Azure OpenAI providers
Azure BYOK mode is activated with COPILOT_PROVIDER_TYPE=azure. The runtime creates an Azure-aware client and then still chooses Chat Completions or Responses from COPILOT_PROVIDER_WIRE_API.
flowchart TD Azure["Azure provider config"] --> Versioned{"COPILOT_PROVIDER_AZURE_API_VERSION?"} Versioned -->|No| V1["versionless /openai/v1 route"] Versioned -->|Yes| Legacy["/openai route + api-version query"] V1 --> Wire{"wire API"} Legacy --> Deployment["deployment-aware route"] Deployment --> Wire Wire -->|completions| AzureChat["Chat Completions"] Wire -->|responses| AzureResponses["Responses"]Observed authentication options include API key, bearer token, and Azure managed identity fallback. For the versioned Azure path, the SDK can insert /deployments/{model-or-deployment} before eligible paths such as /chat/completions.
Anthropic providers
Anthropic BYOK mode is activated with COPILOT_PROVIDER_TYPE=anthropic.

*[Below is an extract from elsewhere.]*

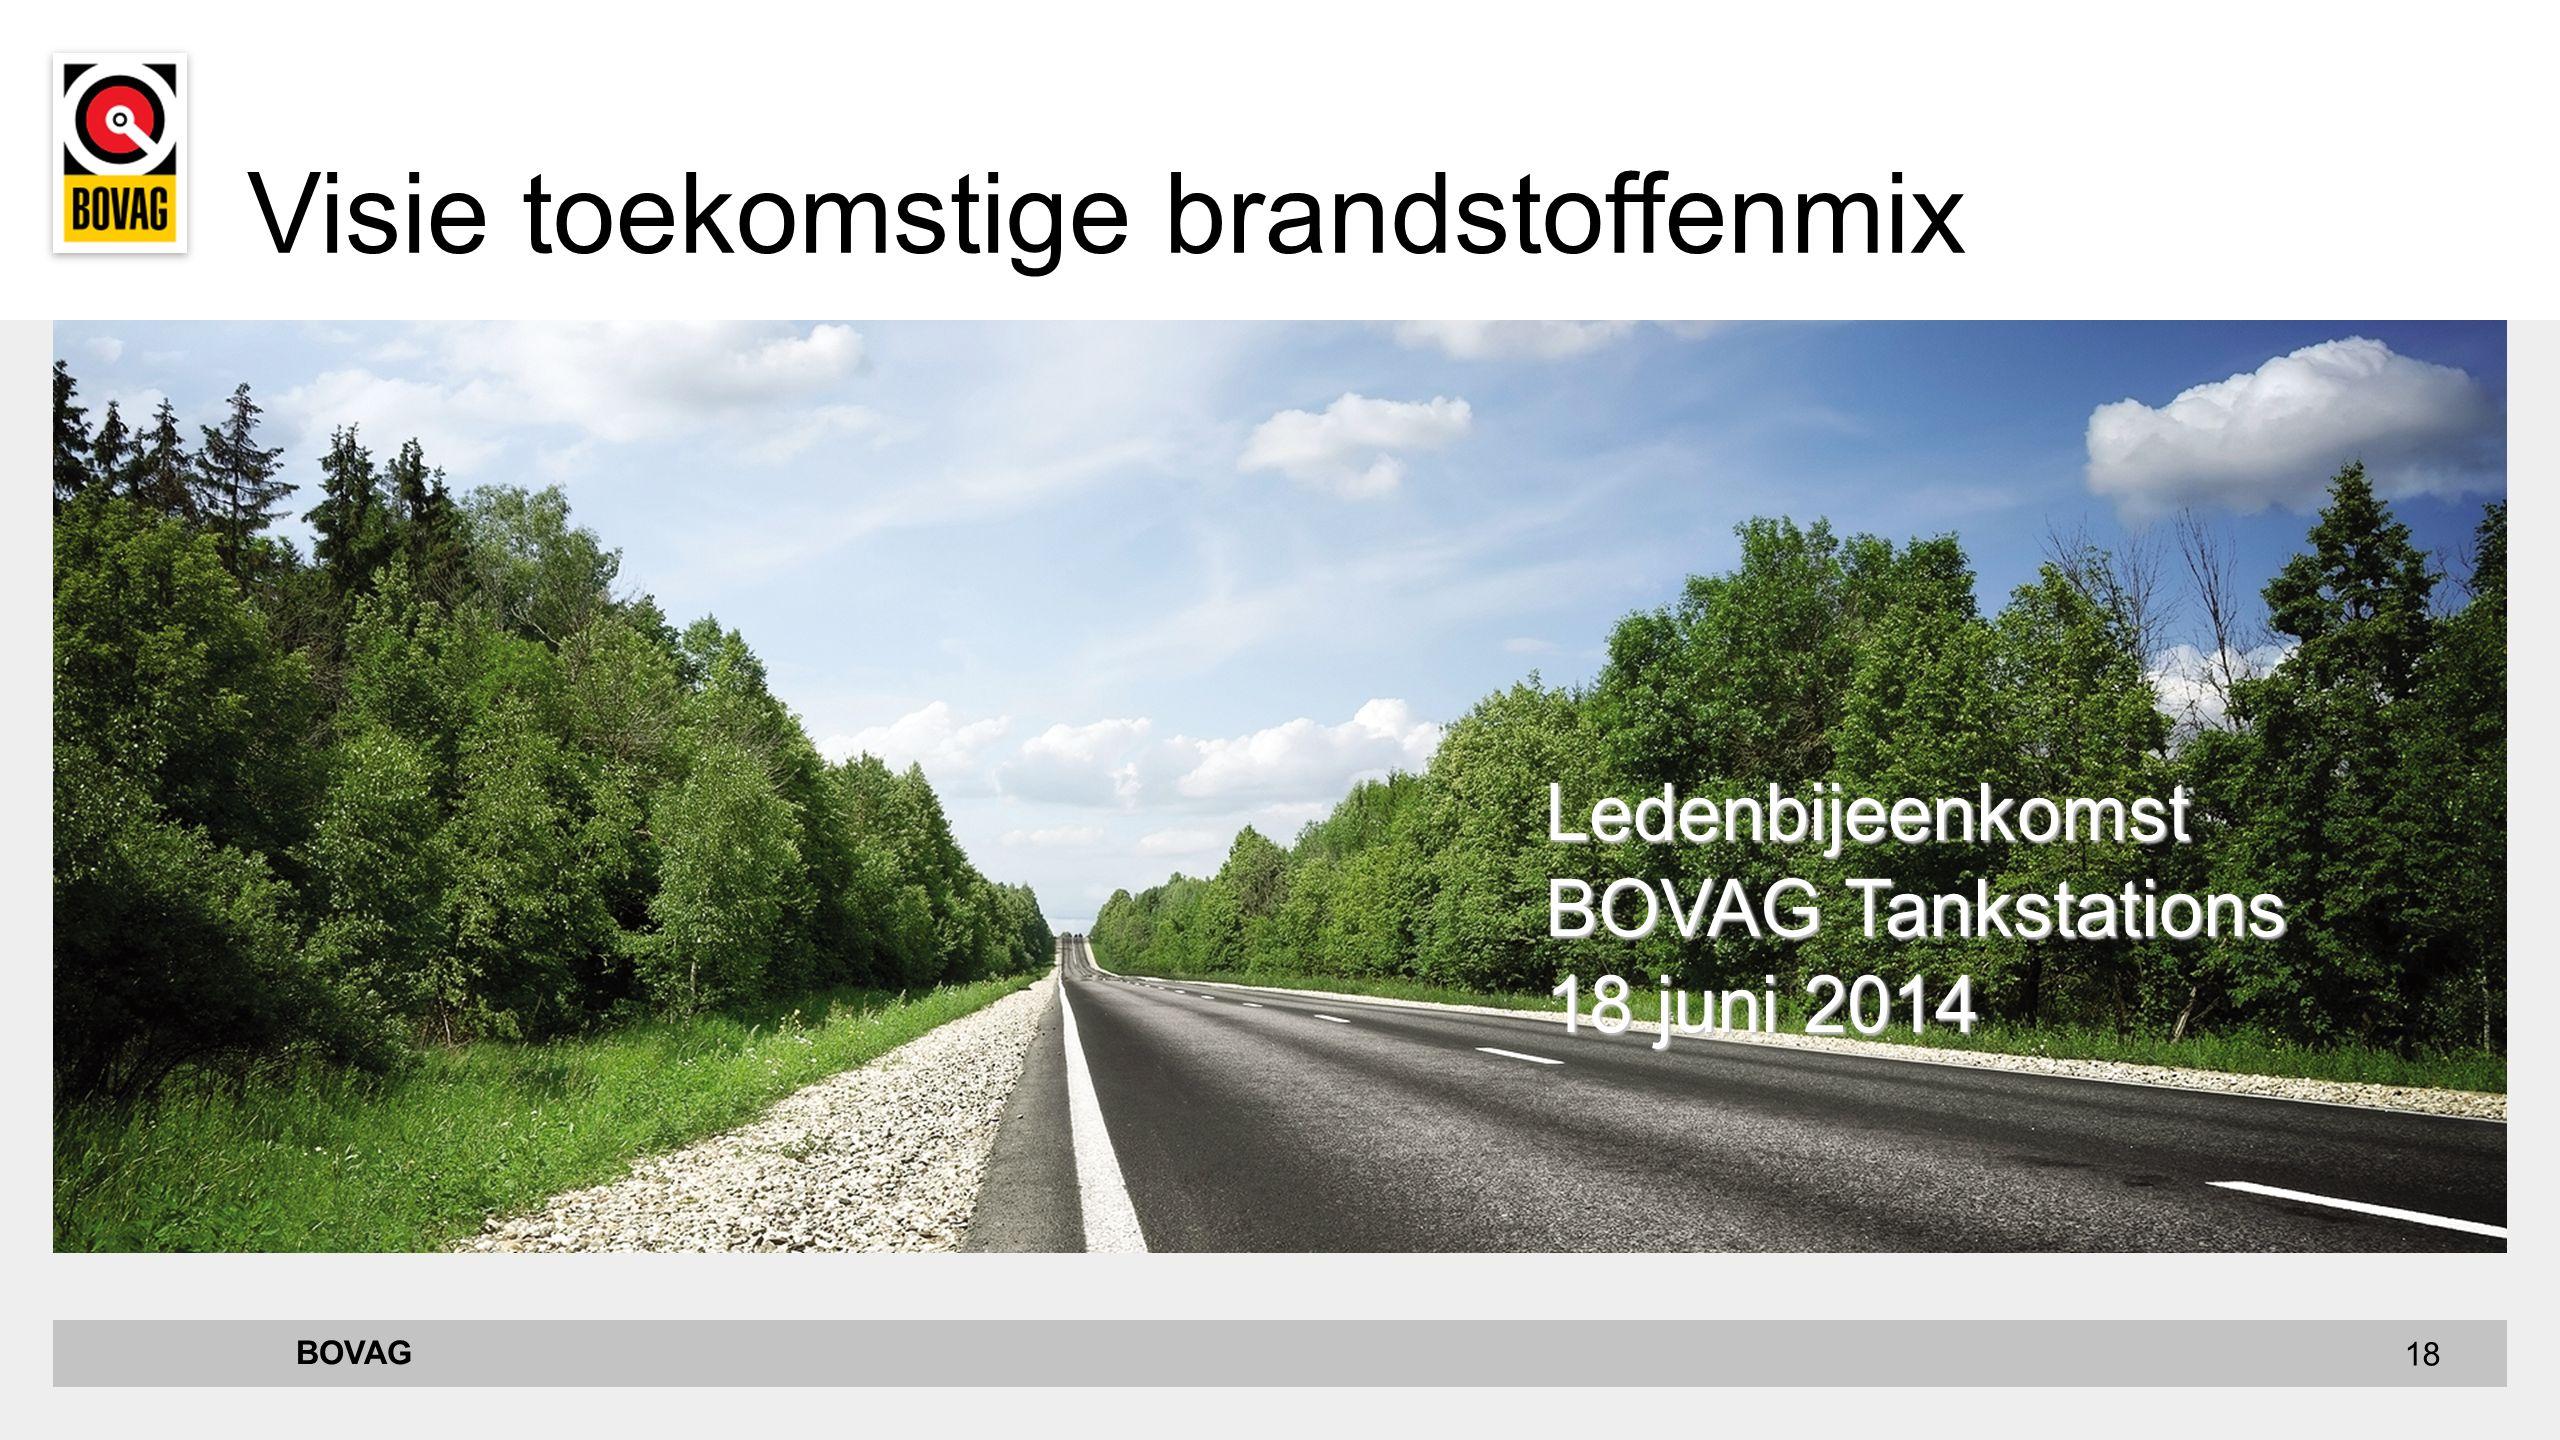 18 BOVAG Ledenbijeenkomst BOVAG Tankstations 18 juni 2014 Visie toekomstige brandstoffenmix

The runtime creates an Anthropic client using the configured base URL and API key or bearer token, then uses the Anthropic Messages adapter.
flowchart TD Anthropic["Anthropic provider config"] --> Client["Anthropic SDK client"] Client --> Messages["Anthropic Messages adapter"] Messages --> Api["messages.create / messages.stream"]The CLI warns that COPILOT_PROVIDER_WIRE_API is ignored for this provider family.
Request lifecycle
sequenceDiagram autonumber participant Agent as Agent runtime participant Prompt as Prompt assembly participant Adapter as Provider adapter participant HTTP as HTTP or WebSocket client participant Session as Session events
Agent->>Prompt: system prompt, messages, tools, attachments, options Prompt-->>Adapter: normalized internal messages and tool definitions Adapter->>Adapter: map to selected wire format Adapter->>HTTP: send non-streaming or streaming request HTTP-->>Adapter: response objects or streaming deltas Adapter->>Adapter: normalize usage, finish reason, reasoning, and tool calls Adapter-->>Session: model_call_success / messages / tool callsAll adapters feed the rest of the runtime through a common normalized output shape. That is why tool orchestration, task handling, telemetry, and UI rendering can remain mostly provider-agnostic even when the network API shape differs.
Streaming behavior
| Adapter | Streaming call | Streaming events handled |
|---|---|---|
| Chat Completions | chat.completions.create(..., stream: true) | Choice deltas, tool-call deltas, reasoning text, annotations, usage. |
| Responses HTTP | responses.create(..., stream: true) | response.created, text deltas, reasoning summary/text deltas, function/custom tool argument deltas, output item events, response.completed. |
| Responses WebSocket | WebSocket response.create event | Same conceptual Responses event stream, plus connection state and previous_response_id tracking. |
| Anthropic Messages | messages.stream(...) | Content-block starts/stops, text deltas, thinking/reasoning deltas, tool-use deltas, message deltas, usage. |
What is not statically recoverable
Static analysis can identify routing logic and payload shapes, but several values are runtime-dependent:
- the exact Copilot API base URL for GitHub Enterprise or debug overrides;
- the exact model metadata returned by
/modelsfor a user, account, policy, and feature gate state; - provider-specific default headers injected by SDKs or network middleware;
- feature flags controlling WebSocket Responses and model-specific behavior;
- custom provider behavior behind an OpenAI-compatible endpoint;
- final prompt content after runtime instructions, hooks, MCP, memory, tools, and session state are applied.
For exact request capture, instrument immediately before the adapter sends the provider request or capture debug/network logs in a controlled environment with secrets redacted.